Your Arduino uses a specific memory called SRAM (Static Random-Access Memory) to store program variables and to manage interrupts and function calls while your program is running. The bigger your code is, the more memory it uses. This memory is volatile, which means it retains data while your Arduino is powered on and lose this data when power is cut off.
The occupied memory area used to run your program is divided into specialized sections which are all different. Each section either holds a specific type of data or has a specific use:
- Stack - for Interrupts and function calls management (call pointers, call orders, function parameters, local variables)

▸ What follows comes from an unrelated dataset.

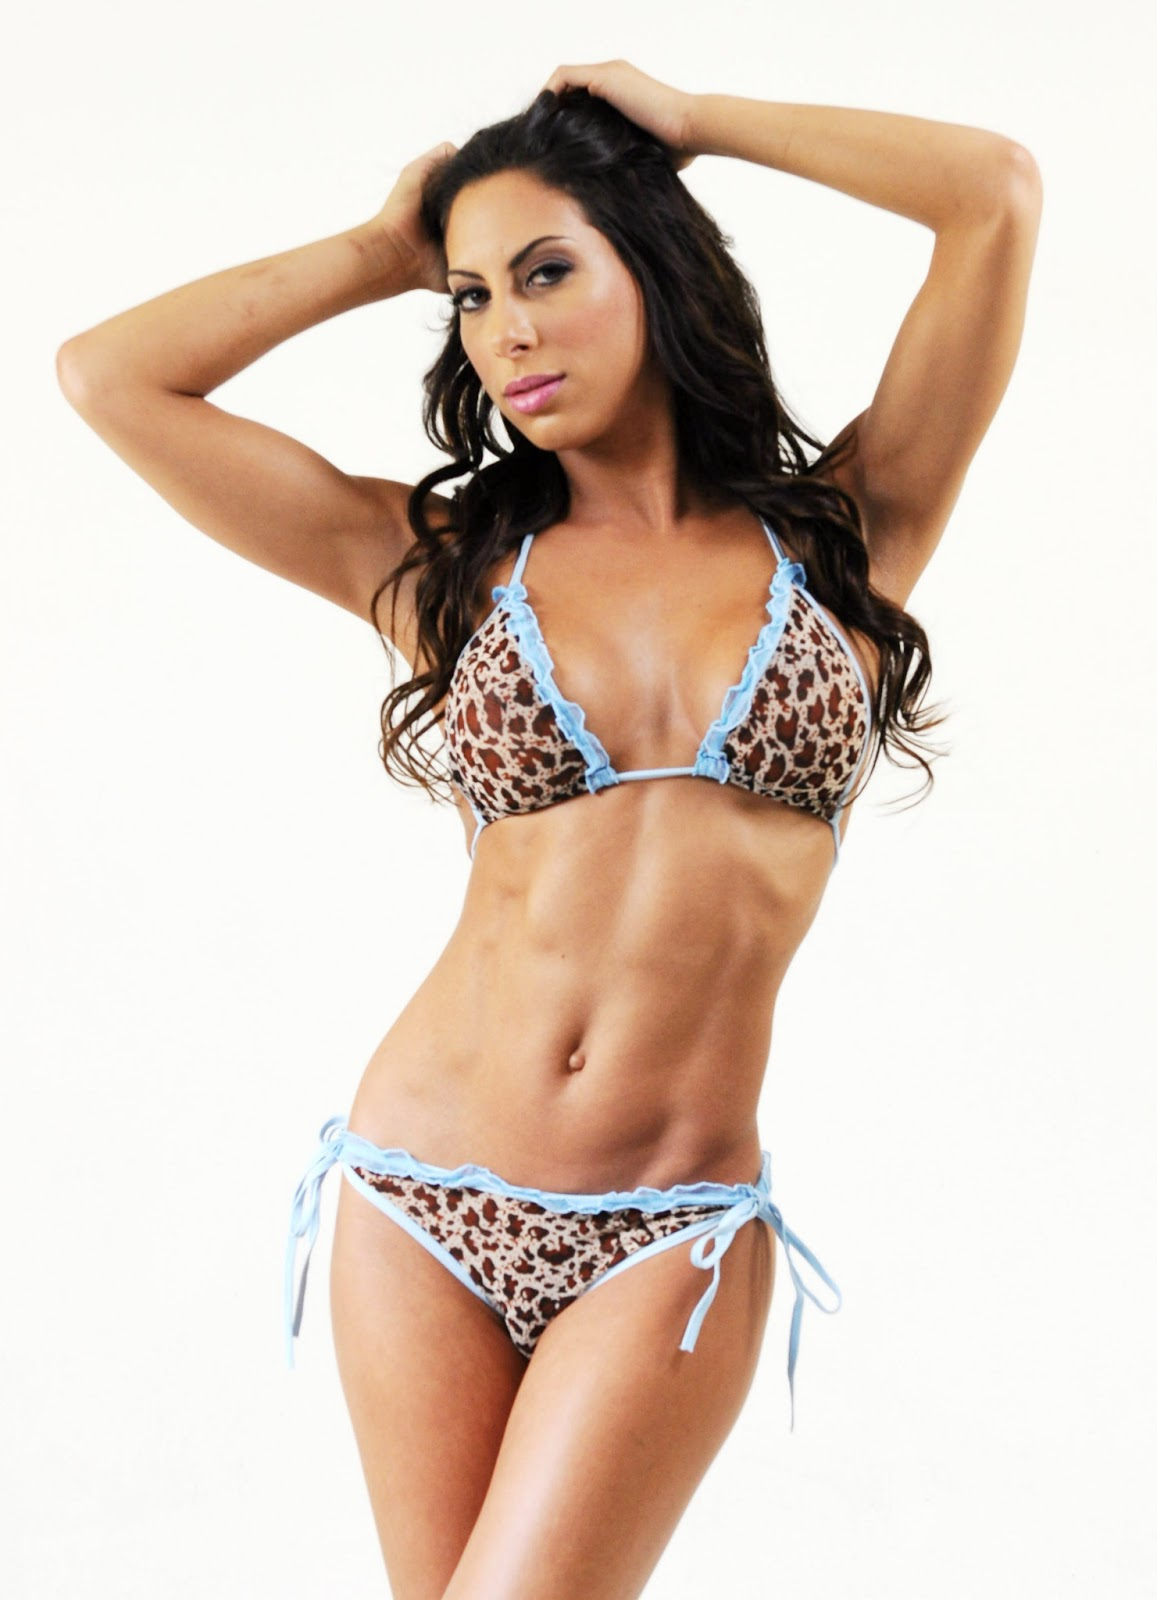 Sandra-mod nude sexy toons
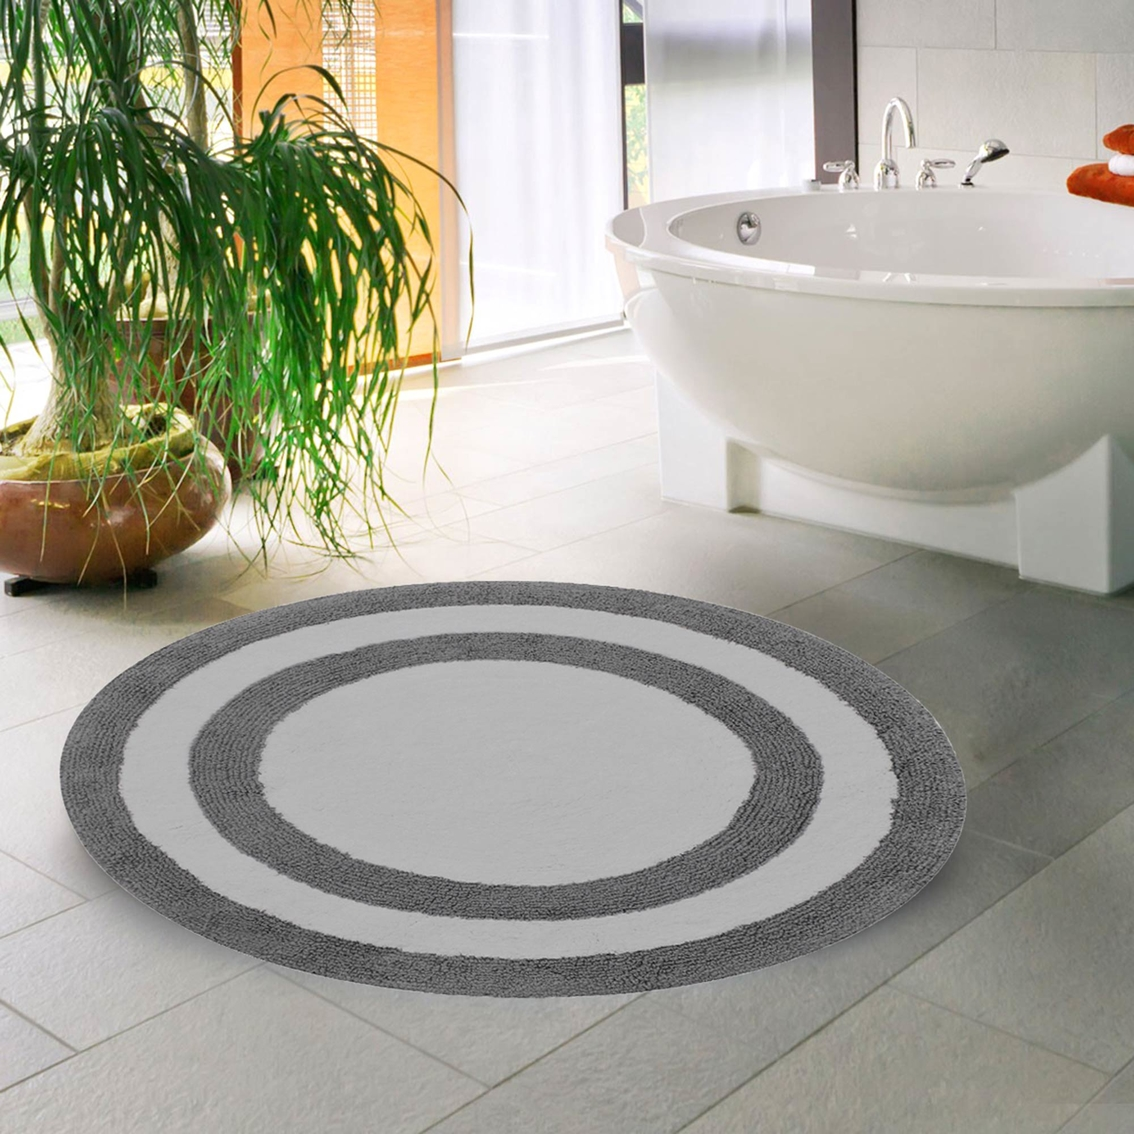 Saffron Fabs 36 In Round Reversible Cotton Bath Rug Bath

- Heap - for dynamically allocated data (with keyword “new”, or function malloc())
- .bss section - for uninitialized global or static variables
- .data section - for initialized global or static variables
The size of a section depends on your code and may vary while your program is running. At power on, global and static data are loaded from the non-volatile Program (Flash) Memory to the .bss and .data sections of the SRAM. When your program runs, the Heap and the Stack grow or shrink depending on the code being executed.
The remaining unused memory area is called the Free RAM. This Free RAM will reach zero if you ever run out of memory. You should always ensure this never happens (avoid having less than 150 bytes left). If it does, your code will stop working correctly and you will encounter very tricky bugs.
Refer to this section to see how to identify SRAM shortage and how to save SRAM memory.
- SRAM is a specific type of RAM. Thus, those 2 words SRAM and RAM are commonly used interchangeably but they refer to the same thing.